» **Data supplied**
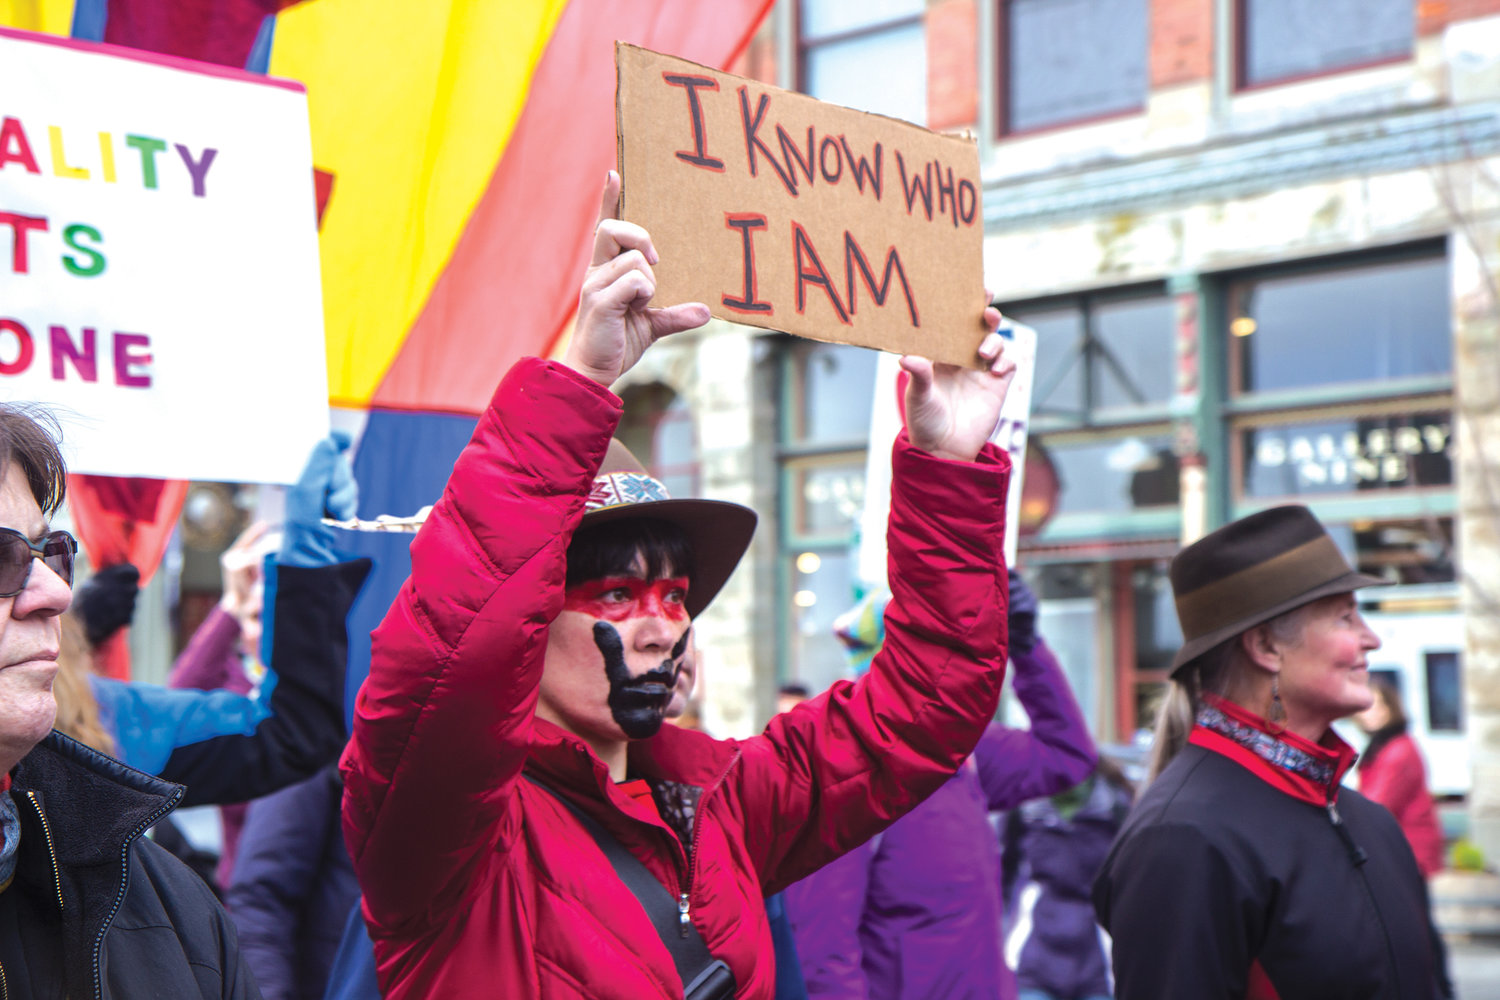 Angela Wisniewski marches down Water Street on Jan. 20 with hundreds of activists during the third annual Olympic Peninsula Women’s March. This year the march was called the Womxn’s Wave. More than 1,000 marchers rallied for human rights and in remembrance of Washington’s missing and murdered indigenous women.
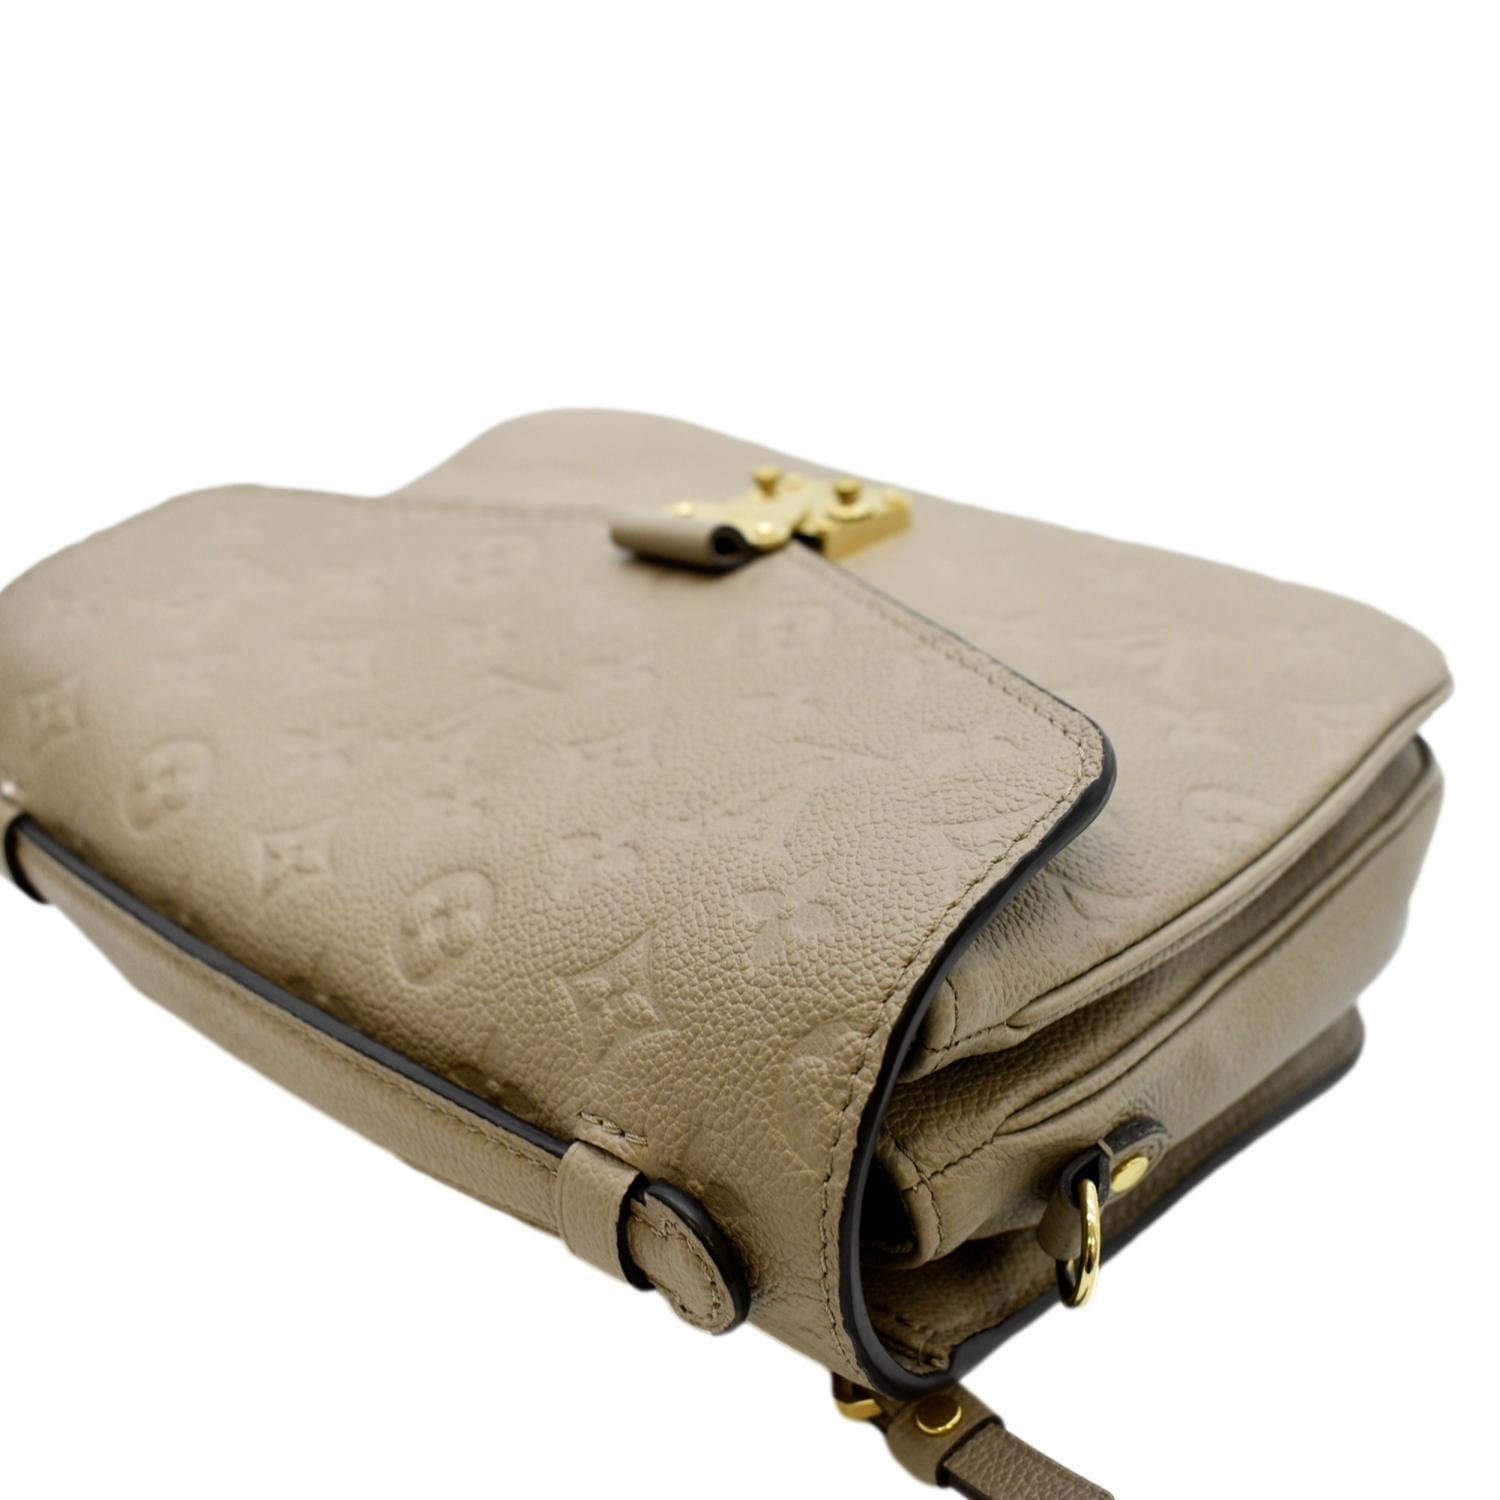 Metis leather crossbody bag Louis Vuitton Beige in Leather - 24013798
---
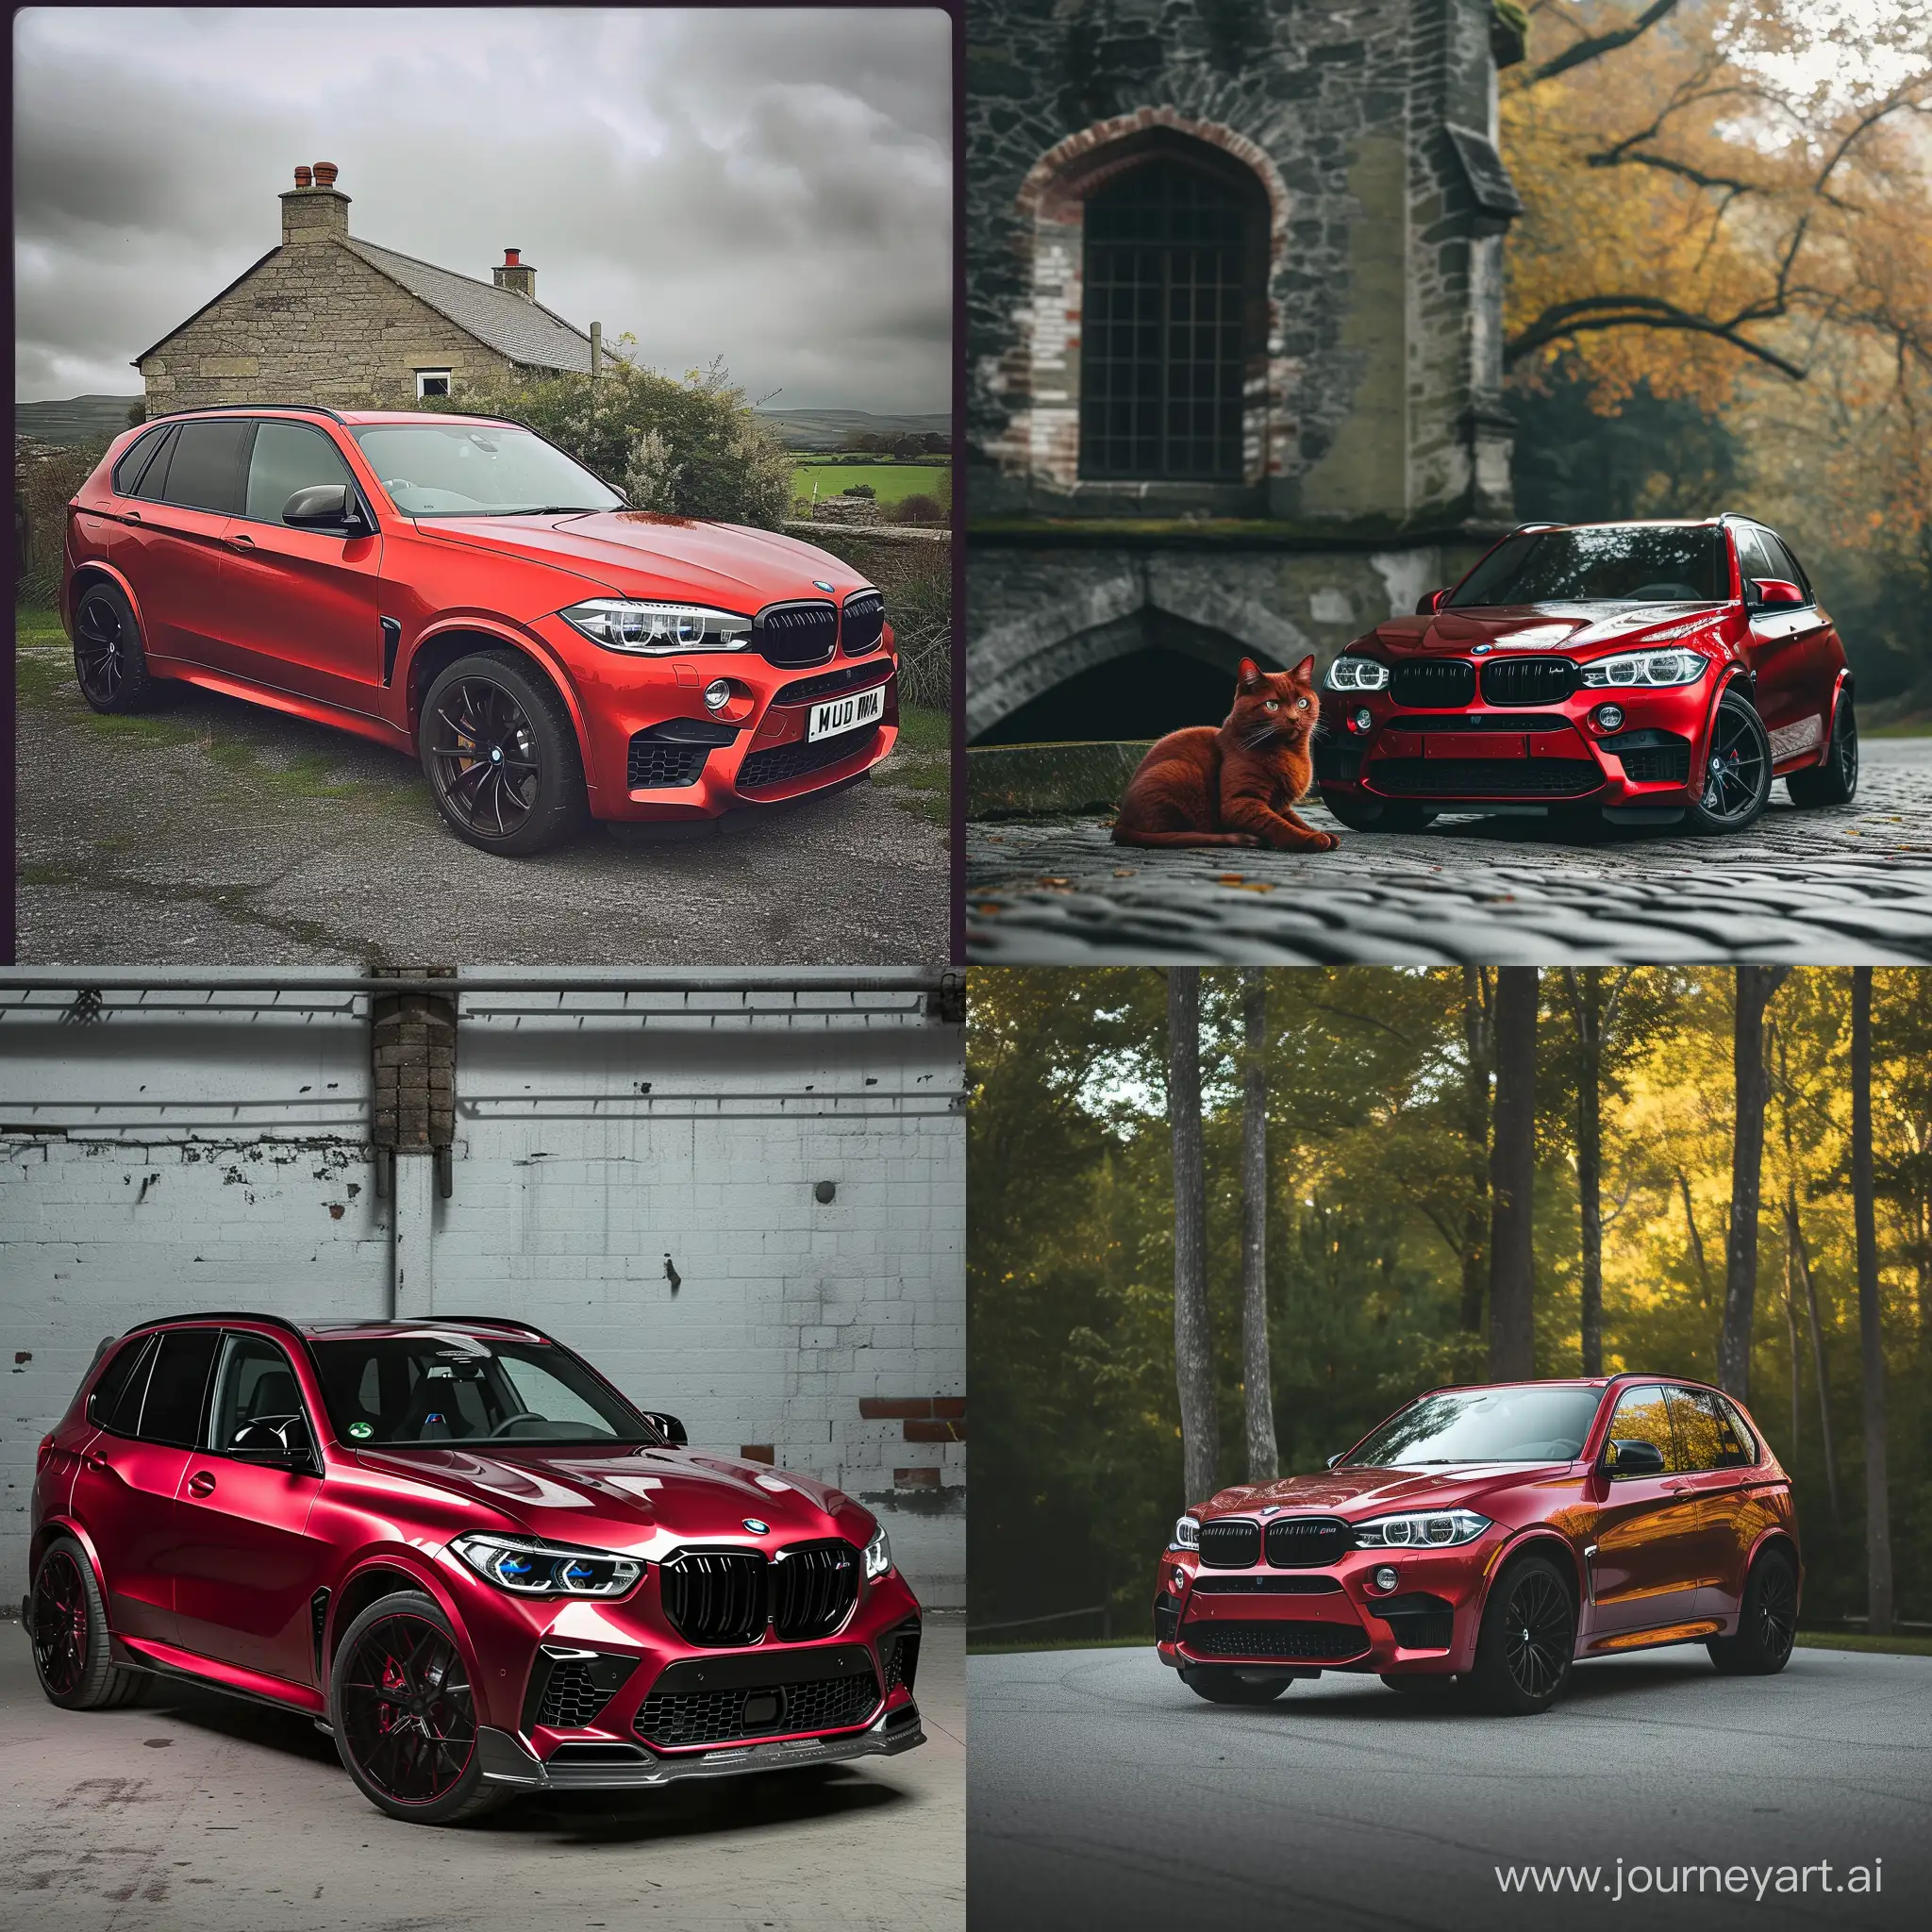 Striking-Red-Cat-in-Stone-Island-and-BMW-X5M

» **What is needed**
Output exactly the stretch of the listing that begins at the line containing "Angela Wisniewski marches" and ends at the line containing "Metis leather crossbody", both kept. Omit pictures and everything else.

» **Solution**
 Angela Wisniewski marches down Water Street on Jan. 20 with hundreds of activists during the third annual Olympic Peninsula Women’s March. This year the march was called the Womxn’s Wave. More than 1,000 marchers rallied for human rights and in remembrance of Washington’s missing and murdered indigenous women.
 Metis leather crossbody bag Louis Vuitton Beige in Leather - 24013798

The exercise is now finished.